Setting up Kerberos authentication

This document provides configuration steps for setting up Kerberos Authentication in Percona Server for MongoDB.


The setup of the Kerberos server itself is out of scope of this document. Please refer to the Kerberos documentation for the installation and configuration steps relevant to your operation system.

We assume that you have successfully completed the following steps:

  • Installed and configured the Kerberos server

  • Added necessary realms

  • Added service, admin and user principals

  • Configured the A and PTR DNS records for every host running mongod instance to resolve the hostnames onto Kerberos realm.

See also

MongoDB Documentation: Kerberos Authentication

Add user principals to Percona Server for MongoDB

To get authenticated, users must exist both in the Kerberos and Percona Server for MongoDB servers with exactly matching names.
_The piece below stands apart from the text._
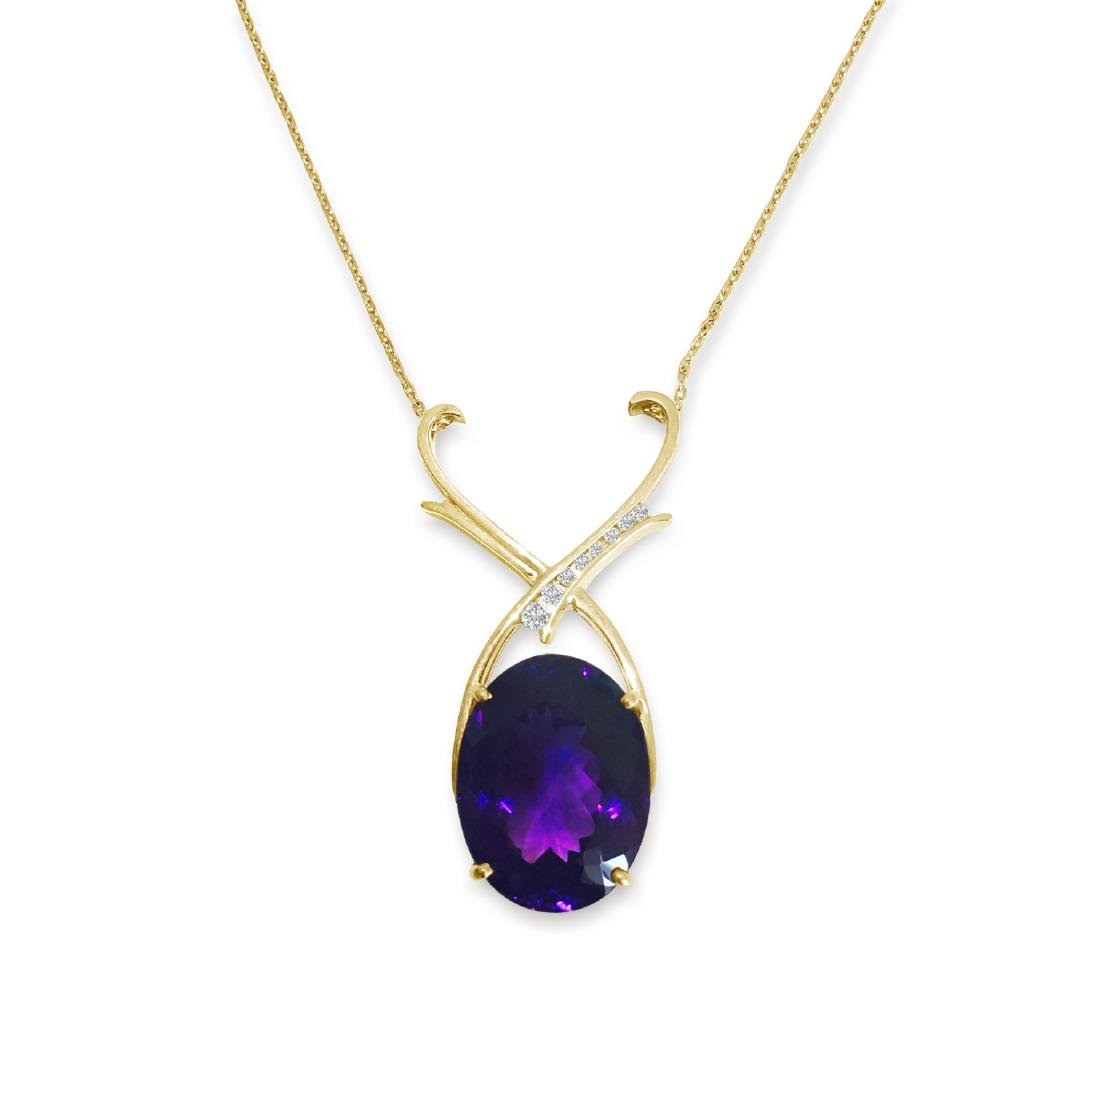 14K Gold 35 carat Amethyst & Diamond Pendant / NECKLACE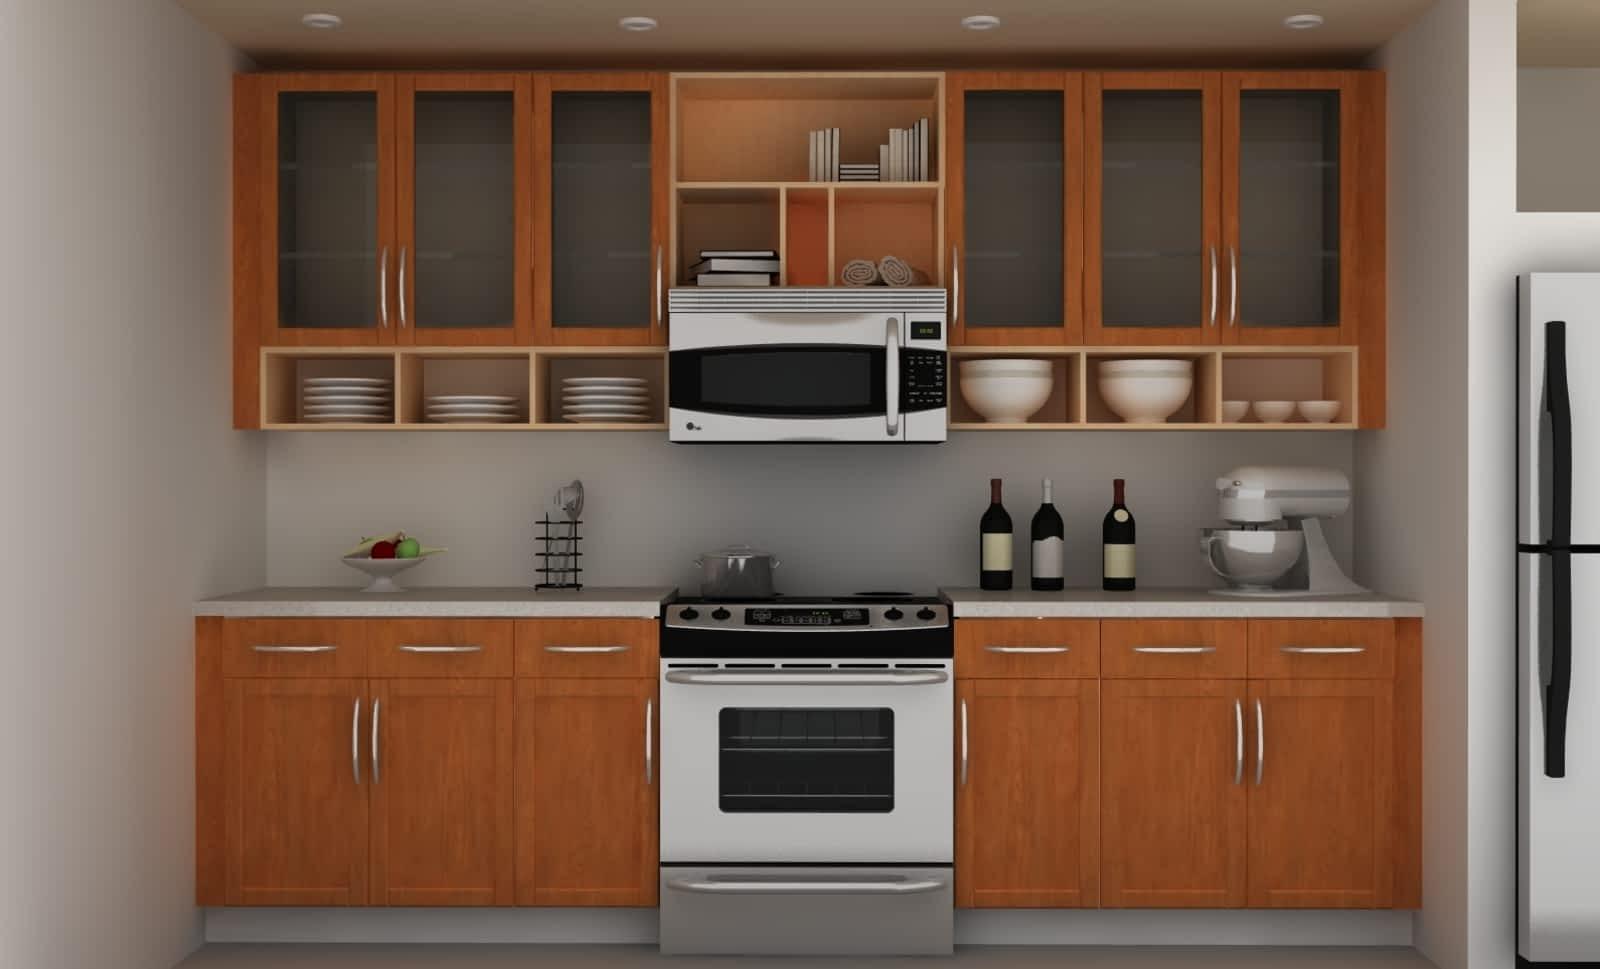 Florida Kitchen & Cabinet Custom Closet - Opening Hours - ON

After you defined the user principals in the Kerberos server, add them to the $external database in Percona Server for MongoDB and assigned required roles:

use $external
db.createUser({user: "demo@PERCONATEST.COM",roles: [{role: "read", db: "admin"}]})

Replace demo@PERCONATEST.COM with your username and Kerberos realm.

Configure Kerberos keytab files

A keytab file stores the authentication keys for a service principal representing a mongod instance to access the Kerberos admin server.

After you have added the service principal to the Kerberos admin server, the entry for this principal is added to the /etc/krb5.keytab keytab file.

The mongod server must have access to the keytab file to authenticate. To keep the keytab file secure, restrict the access to it only for the user running the mongod process.

  1. Stop the mongod service

    $ sudo systemctl stop mongod
  2. Generate the keytab file or get a copy of it if you generated the keytab file on another host. Save the keyfile under a separate path (e.g. /etc/mongodb.keytab)

    $ cp /etc/krb5.keytab /etc/mongodb.keytab
  3. Change the ownership to the keytab file

    $ sudo chown mongod:mongod /etc/mongodb.keytab
  4. Set the KRB5_KTNAME variable in the environment file for the mongod process.

    Edit the environment file at the path /etc/default/mongodb and specify the KRB5_KTNAME variable:


    If you have a different path to the keytab file, specify it accordingly.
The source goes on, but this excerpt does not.